Overall, Harvard might admit about 5.5 percent of students who applied under early action and regular decision to the Class of 2016—a drop from last year’s record-low 6.2 percent.
If the admission rate does fall this year despite the slightly reduced applicant pool, it will be due to a new calculus in the admissions office centered on predicting the number of students accepted in the early round who will choose to come to Harvard.
Dean of Admissions and Financial Aid William R. Fitzsimmons ’67 said that those who were accepted in December under the early action program will be more likely to matriculate. “In the past, the yield for early admission students has been higher than the yield for people applying regular admissions—in fact, 15 to 20 points higher typically,” Fitzsimmons said.
Last year, 77 percent of students accepted—all regular decision, before the return of the early action program—decided to come to Cambridge. If early admits choose Crimson at the rate Fitzsimmons predicted, then as many as 92 to 97 percent of them might matriculate.
Fitzsimmons said he speculates that early action applicants may have a stronger interest in attending Harvard, thus leading to the higher yield rate for those students.
Bev Taylor, founder of college consulting practice The Ivy Coach, said the students she advises typically attend Harvard if they are admitted early. “When they apply early action to Harvard, yes, they go to Harvard,” she said.
Expecting these eager admits, Fitzsimmons said that his office will be conservative in the number of students it admits this year to avoid overcrowding.
Though Harvard has not yet announced the number of acceptance letters that will go in the mail on Thursday, the College will look to roughly replicate the size of this year’s freshman class—1,661.
Already, 772 acceptance letters for the Class of 2016 went out in December.
From this point, anyone with a pencil and paper can approximate the math going on in the admissions office. To be safe, assume that the admissions office, behaving cautiously, makes room for every student who has been accepted early to attend. That leaves about 900 freshman beds open to regular decision candidates. If the yield for that cycle is high as well—say 80 percent—Harvard can admit just over 1,100 more students on Thursday to count on 900 of them showing up.
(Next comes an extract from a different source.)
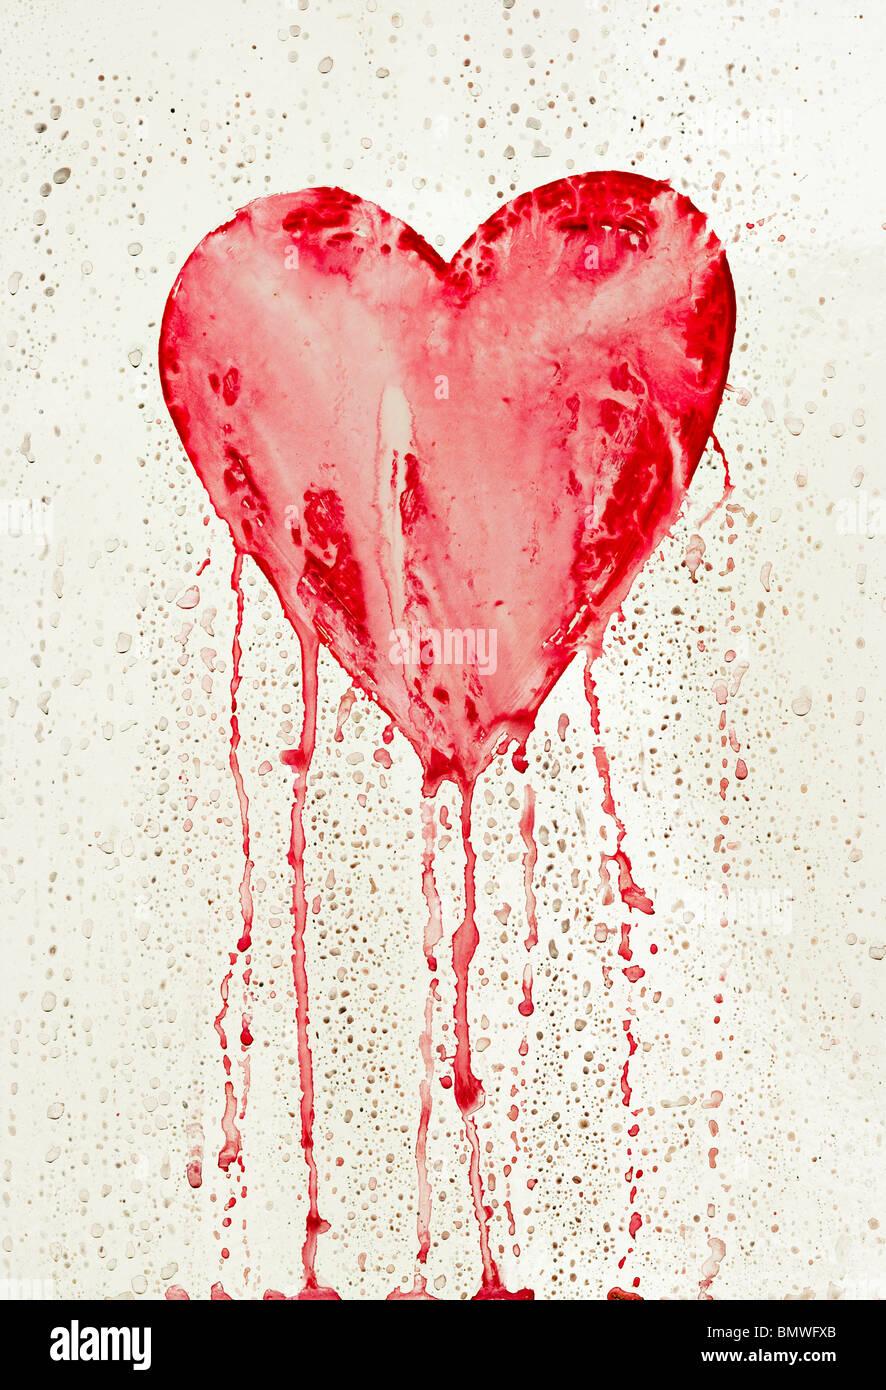 Bleeding Heart - symbole de l'amour Photo Stock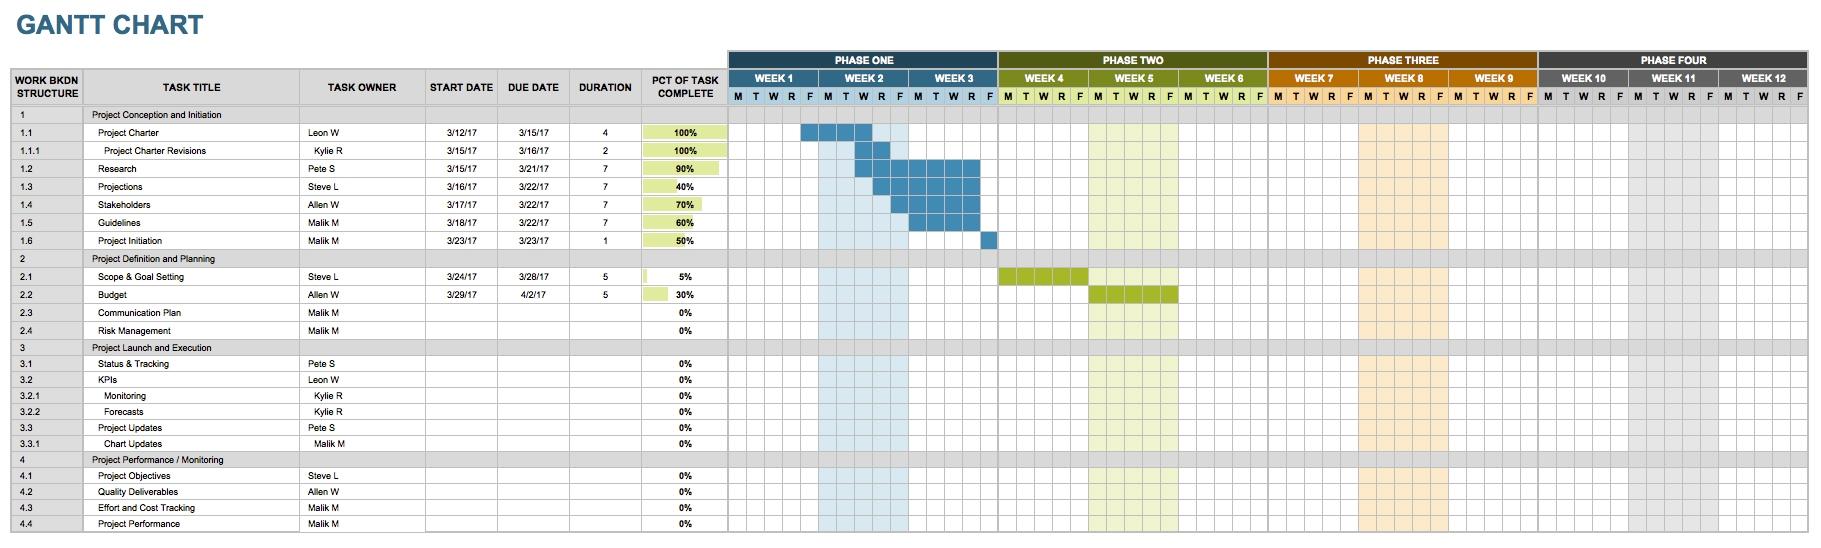 Free Marketing Timeline Tips And Templates Smartsheet 89uj

In total, that means that about 1,900 acceptance letters will go out this year, plus perhaps more to waitlisted students after the first crop of accepted students make their decisions by May 1. Last year, Harvard initially accepted 2,158.
If the number of admitted students is indeed this small, the overall acceptance rate for the 34,285 students who sought admission this year would be 5.5 percent. But that number, already tiny, belies the even smaller odds that an applicant who is waiting for his decision on Thursday hears good news.
The 772 students who were selected in December were picked from a pool of 4,245, leading to an acceptance rate of 18 percent.
This time, 32,967—all regular applicants plus early candidates deferred to the regular round—are competing for just about 1,100 spots. In the regular cycle, a student’s chance of acceptance would be 3 percent based on these calculations.
That these numbers are so small is due to the renewed early action program. “I really believe that would tax on the overall acceptance rate,” Taylor said of early admissions.
But despite the daunting figures, Don McMillan, president of an educational consulting firm in Boston, predicted that students will keep applying to Harvard in similar numbers.
And that means the acceptance rate will not climb much higher. Michael Goran, director of IvySelect College Consulting, said, “There’s still a finite number of seats in a class and there’s a limitation to how much you can expand.”